Pytanie z jakim do Was się kieruję to, jak zagadać?
Na imprezie ze znajomymi potrafię (myślę, że całkiem sprawnie) nawiązać nowe kontakty, ale zazwyczaj te osoby nie wydają się na tyle interesujące abym miał z nimi wchodzić w jakieś dłuższe relacje.
Zastanawiałem się nad zagadywaniem do nieznajomych mi dziewczyn, ale równocześnie w taki sposób aby nie wyjść na jakiegoś creepa. Mój problem pojawia się tu, że nie mam pojęcia jak to zrobić.
Z pewnością takie zagadanie zależy od wielu czynników, ale podajcie mi jakiś przykład rozmowy (np. na przystanku autobusowym), z góry dziękuję za teksty "hmmm, czy my się nie znamy?", "to twój kasztan?", "ale mi się podobasz, może wyskoczymy na kawę?". Takie teksty może będą działać gdy zostaną wypowiedziane przez kosmicznego samca alfę, ale nie przeze mnie.
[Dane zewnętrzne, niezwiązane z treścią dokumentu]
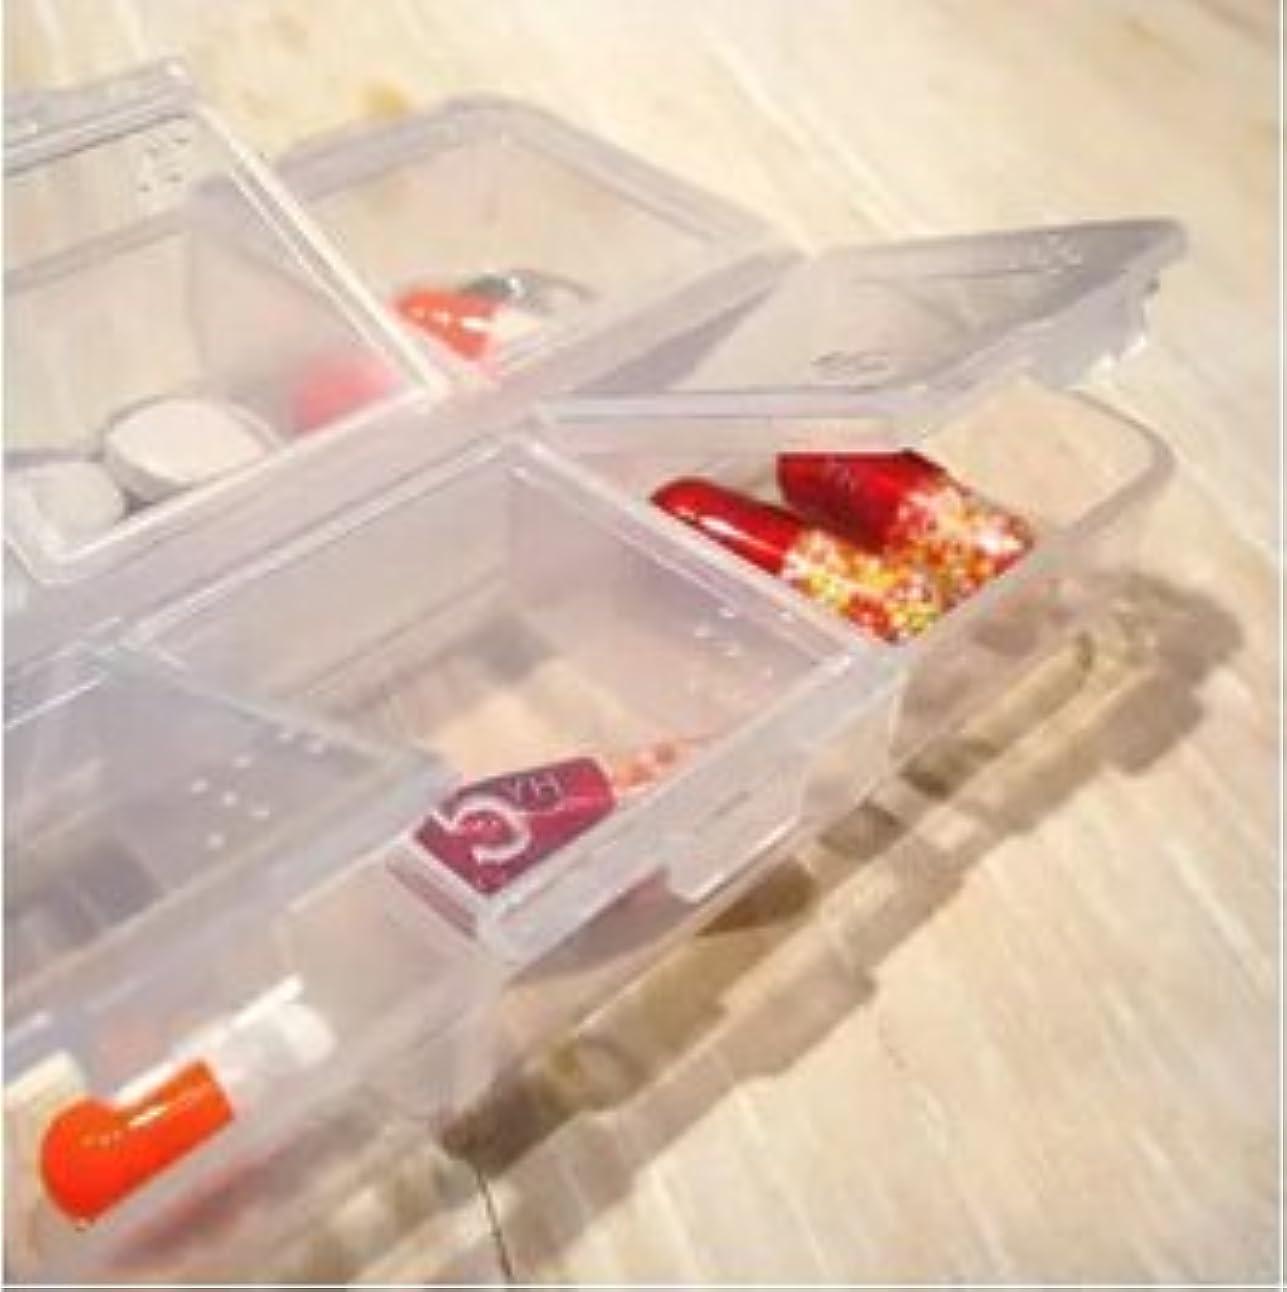 トリプルグラフィック気性Lorny (TM) 【送料無料】6スロット透明なプラスチックピルボックス医学オーガナイザー多機能ピルケースポータブルストレージボックス [並行輸入品]

Z góry docenię też rady na większą pewność siebie (oprócz alkoholu).
Ewentualnie jakie miejsca polecacie do zapoznania ciekawych kobiet? Nie interesują mnie dyskoteki, z których można wynieść adidasa (bynajmniej nie buta) wraz ze stereotypową "blondyną". Bardziej mnie interesują miejsca, w których można poznać miłą i skromną kobietę, na której widok twarzy nie czuje się zdenerwowania, kobietę taką, której nie będzie wstyd przedstawić rodzinie. Wiem, że wymagam AŻ tak wiele, ale po prostu nie potrafię inaczej (zresztą, czy w dzisiejszych czasach brak zbytniej rozwiązłości jest tak wielkim wymogiem?) i bierze mnie obrzydzenie na myśl, że mam być z kobietą, która ma ogromny przebieg i nic sobą nie reprezentuje. 
Mam nadzieję, że mój post nie był zbytnio zawiły i dało się go w gruncie rzeczy zrozumieć

  • Zdziwiony 1
Odnośnik do komentarza
Udostępnij na innych stronach

Nastawienie. Im bardziej Ci zależy, tym bardziej się przejmujesz.
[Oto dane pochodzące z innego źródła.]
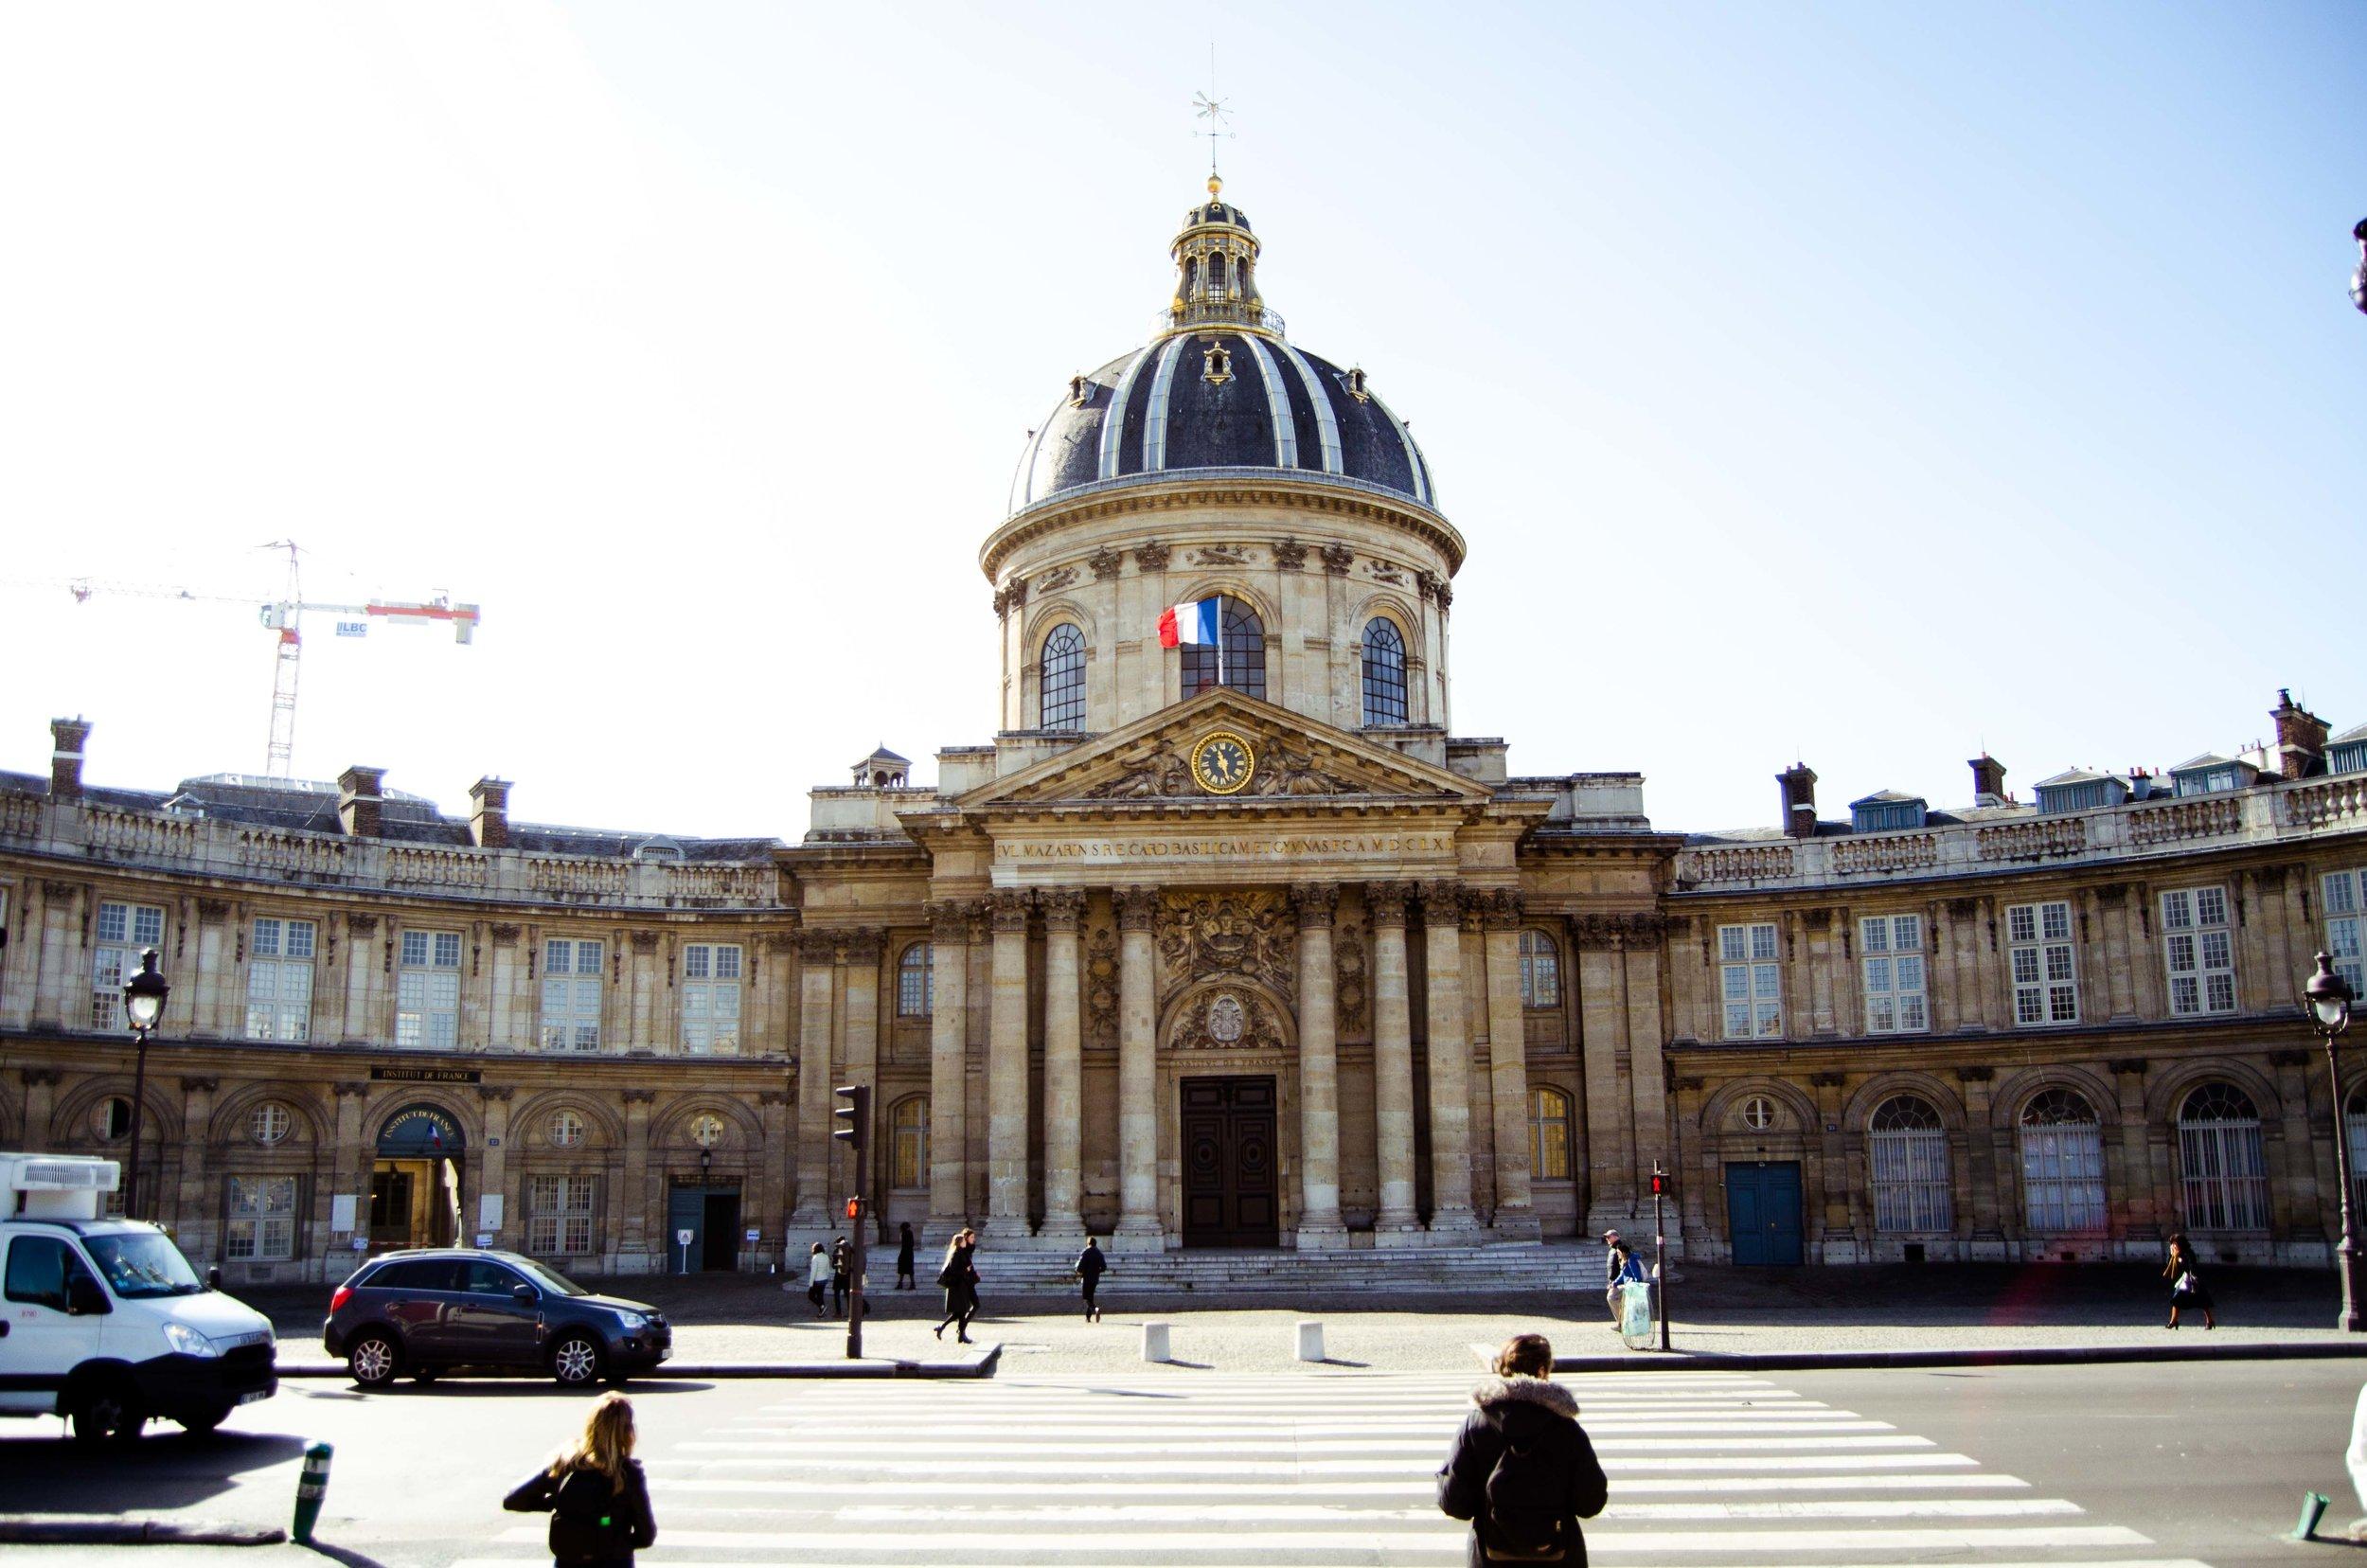 march 2 // Institut de France as seen from Les Pont des Arts

Nie oceniaj siebie, traktuj to jako ciekawe doświadczenie.

Czasem po prostu nie zagra, i nie musi być to niczyja wina.

Przyzwyczaisz się, nauczysz odczytywać sygnały, i dalej już pójdzie.

 

Jak zagadywać, to Ci akurat nie powiem, bo tego nie robię.

 

  • Like 1
Odnośnik do komentarza
Udostępnij na innych stronach

Po tytule myślałem że zarywasz do Wenusjanek.

Ad res:

Widzisz dziewczyne z książką to pytasz się o książkę. Widzisz dziewczyny gadające o czymś na czym się znasz? Dołączasz do rozmowy. Gadają po angielsku? Pytasz się skąd są.

 

Gdzie można takie znaleźć? Na eventach, wolontariatach.

 

No i nie nastawiaj się na niewiadomo co. Poznaj ją najpierw. Ta spokojna dziewczyna bez przebiegu może mieć równie dobrze zaburzenia.

Odnośnik do komentarza
Udostępnij na innych stronach

Człowieku, teraz mega szara myszka ma przebieg dwucyfrowy spokojnie. Jednorożca wszyscy szukają, ale jeszcze nikt nie znalazł. 

 

To twój kasztan, ale mnie tym rozjebałeś :D Muszę wypróbować. 

 

  • Like 1
  • Haha 2
Odnośnik do komentarza
Udostępnij na innych stronach

Nawet mnie nie dołujcie, że przebieg dwucyfrowy bo przez takie gadanie czasami odnoszę wrażenie, że urodziłem się w złych czasach. Dlaczego normalne jest, że w wieku 22 lat ktoś miał przynajmniej 4 partnerów? Skąd się wzięło na to przyzwolenie społeczne?

Odnośnik do komentarza
Udostępnij na innych stronach

12 godzin temu, Basiur napisał:

Bardziej mnie interesują miejsca, w których można poznać miłą i skromną kobietę, na której widok twarzy nie czuje się zdenerwowania, kobietę taką, której nie będzie wstyd przedstawić rodzinie.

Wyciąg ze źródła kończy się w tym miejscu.